Through tonight: We continue to run the risk of a storm popping up and growing intense. Activity should be isolated to widely scattered, but anything that lasts could become intense, dropping hail and producing some damaging wind gusts. Otherwise, partly cloudy skies are the rule overnight. Temperatures dip to the upper 60s and lower 70s for lows, with winds turning to come from the south, and humidity levels rise.

View the current weather at The Washington Post.

Tomorrow (Thursday): One more day of heat as a cold front approaches. We’ll see more and thicker clouds than recent days, which might help keep temperatures closer to 90 for highs. Low 90s wouldn’t be surprising. The risk of showers and storms — see below for more — grows heading deeper into the afternoon, with the best chances perhaps in a 2 to 10 p.m. window. There is also a risk for relatively widespread severe weather. Higher humidity makes it feel more like mid-90s before the storms, so it’s no treat as we wait.

See Dan Stillman’s forecast through the weekend. And if you haven’t already, join us on Facebook and follow us on Twitter and Instagram. For related traffic news, check out Gridlock.

Thursday storms: We still appear to expect thunderstorms that could be more widespread Thursday. It’s the same general pattern supporting the potential d-word (derecho) today in the Upper Midwest. Conditions appear quite supportive for severe storms, with most of the questions centering on how and when it all evolves. Below is a quick summary from key voices.
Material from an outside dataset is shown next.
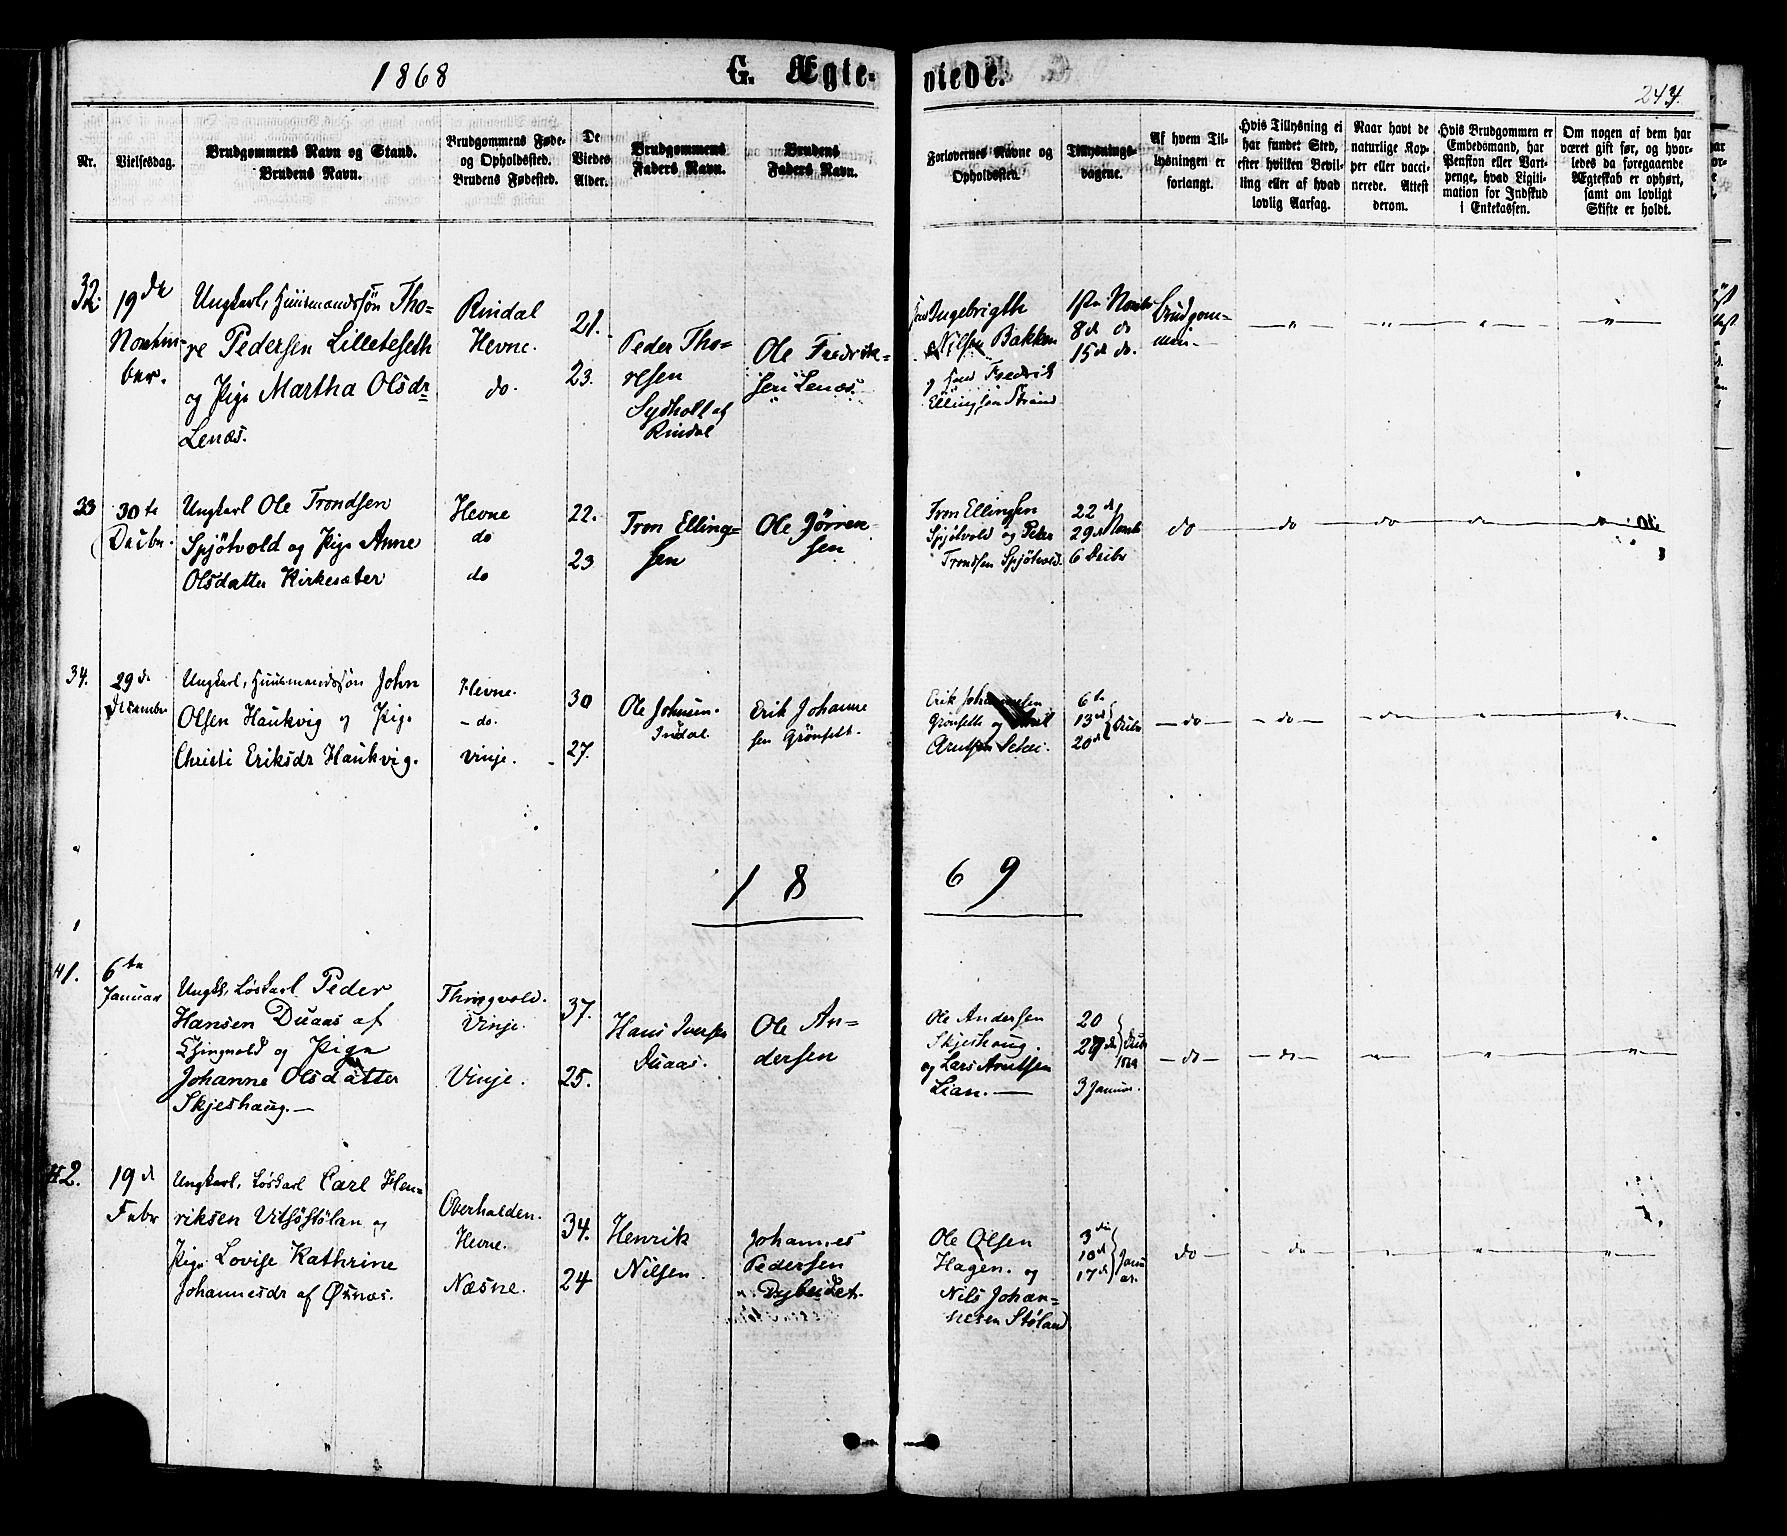 SAT, Ministerialprotokoller, klokkerbøker og fødselsregistre - Sør-Trøndelag, 630/L0495: Ministerialbok nr. 630A08, 1868-1878, s. 244

The local National Weather Service office writes, “If we were to destabilize and storms were to form in that type of environment, the potential is there for a significant severe weather event, with very high winds, large hail, and tornadoes all possible. However, there`s considerable disagreement among the various models as to if and where storms will form in the wake of what`s left of today`s Upper Midwest system.

Per the Storm Prediction Center, “Damaging gusts and tornadoes are possible with the more intense thunderstorms.”

CWG’s severe-weather expert, Jeff Halverson, agrees, noting that Thursday could be “a more widespread threat” given relatively high wind shear and potentially favorable instability.